Trump and Sanders hold big leads in Iowa polls
Democratic presidential candidate, Sen.
On the other side of the 2016 campaign world, Donald Trump got two “cease and desist” letters from Aerosmith’s Steven Tyler’s camp to stop using “Dream On” during his presidential run.
“Bernie, Hillary, and Martin: you are running for the highest office in the land; the most influential in the world”, the Democrats wrote in a letter to the candidates. And she winds up in a dogfight in Iowa.
Fifty-seven percent of voters thought Sanders represented Democratic values, while Clinton scored 38 percent.
Thirty-five percent of voters say Clinton would make either a good or great president, with 11 percent saying she would be great. On Tuesday, Clinton’s campaign released a statement with former top diplomats questioning the Vermont senator’s preparedness to handle ISIS, Iran and other national security concerns. “I don’t know anybody in this audience that have not had their own share”, Clinton said.

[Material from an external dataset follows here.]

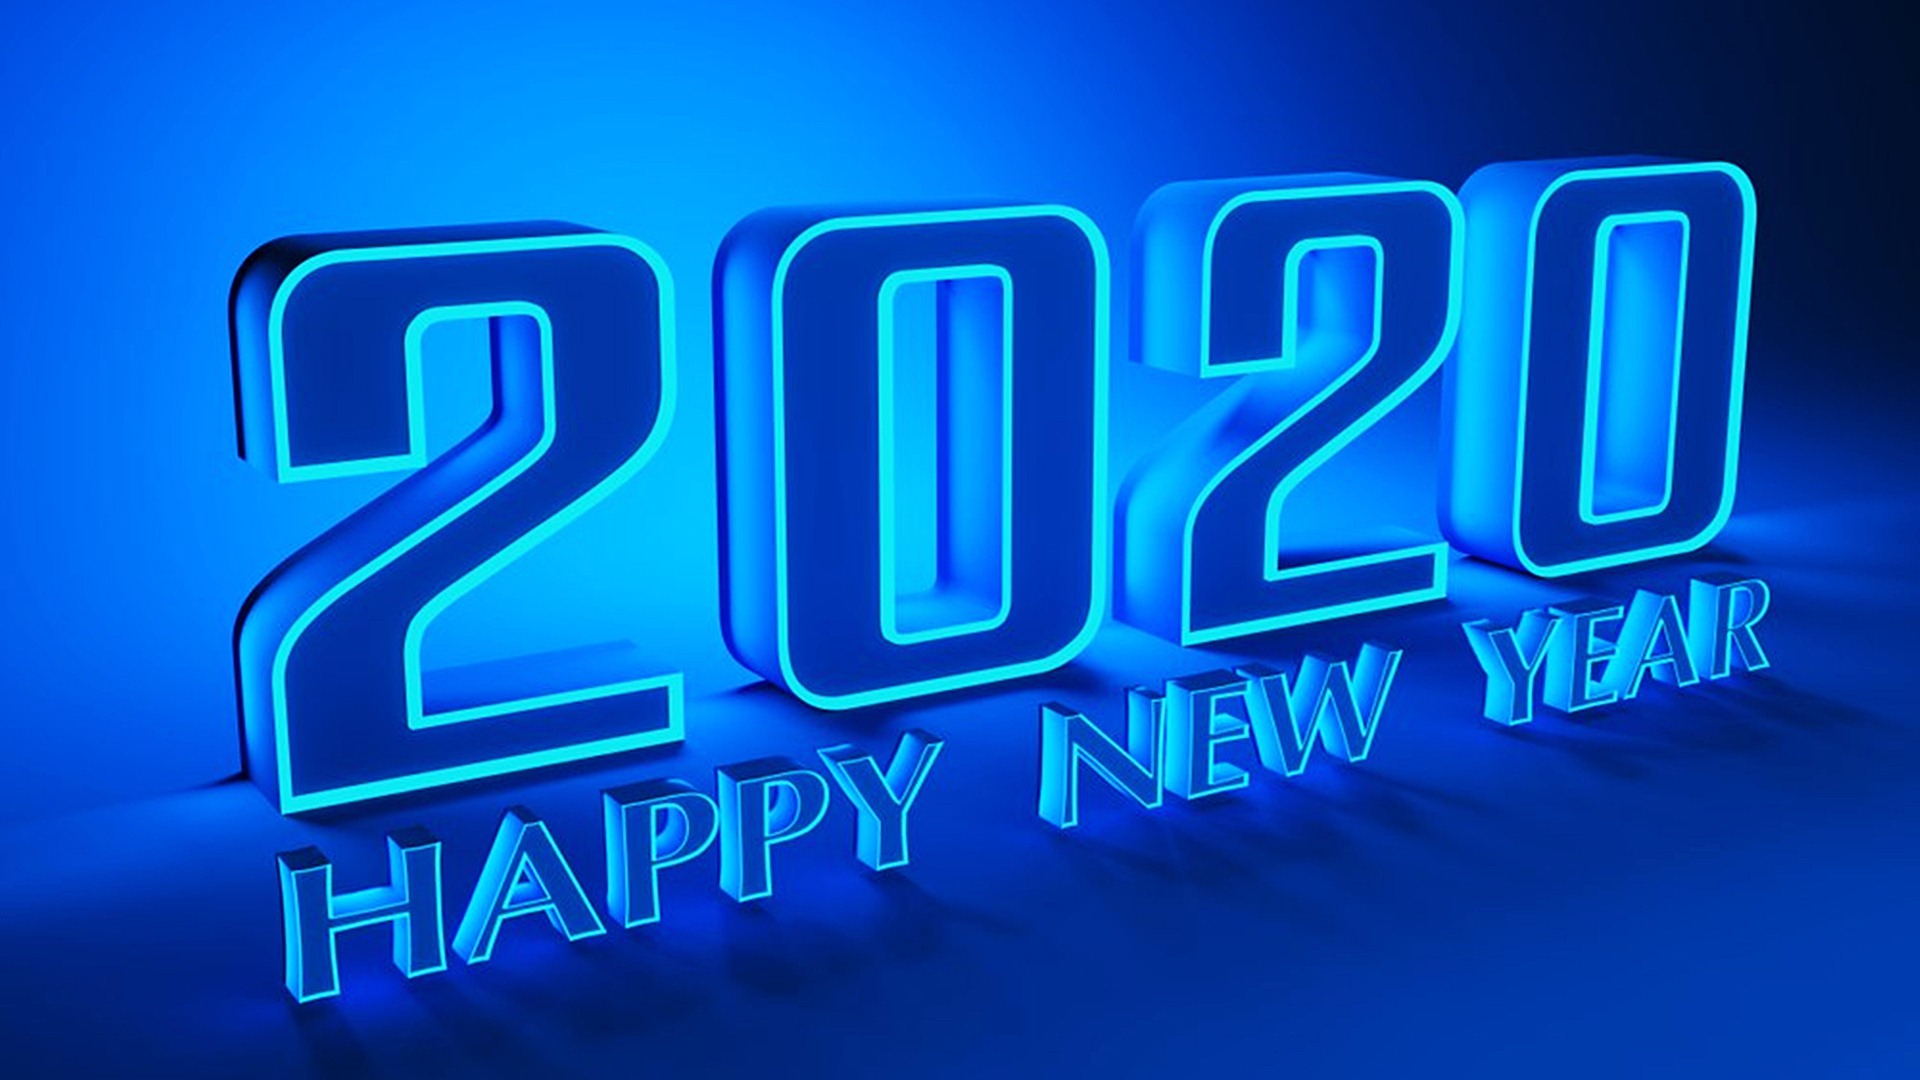 felice anno nuovo sfondo,testo,font,blu elettrico,blu,neon

The sampling is key for both leaders: Only including voters who previously caucused in their party’s most recent competitive caucus, Cruz is neck-and-neck with Trump, with 30 percent for Cruz to 28 percent for Trump.
Art Garfunkel and Paul Simon are not listed among the celebrities who have endorsed Sanders. She says she is, “torn between [Clinton] and Bernie”. “He just can not defeat a Republican candidate in a general election”.
With almost 2.5 million separate contributions so far, if only half of Sanders’ small dollar contributors played the game, it could raise over $6 million every time the Clinton campaign throws mud. Just last month, in a prior CNN/ORC poll, Clinton was beating Sanders 54% to 36%. For example, he suggested we invite Iranian troops into Syria.
“We can’t rush into normalizing relations”, she said.
Sanders, like Obama, has sought to offer a more uplifting, aspirational message.
As for the ad itself, it features people from all walks of life – young and old, black and white, man and woman. Bernie Sanders, who has closed the gap in the Hawkeye State.
But one major question entering Iowa is whether there will be enough of these voters.
The tagline of Sanders’s ad, “A Future To Believe In”, consciously evokes Barack Obama’s famous 2008 slogan “Change We Can Believe In”.
Clinton also referenced her four years as Secretary of State while taking aim at her chief rival on foreign policy. These voters remember his donations to Democratic candidates (which he has since disavowed as a business necessity) and support for abortion rights (which he has rationalized as trying to fit in with left-leaning New Yorkers).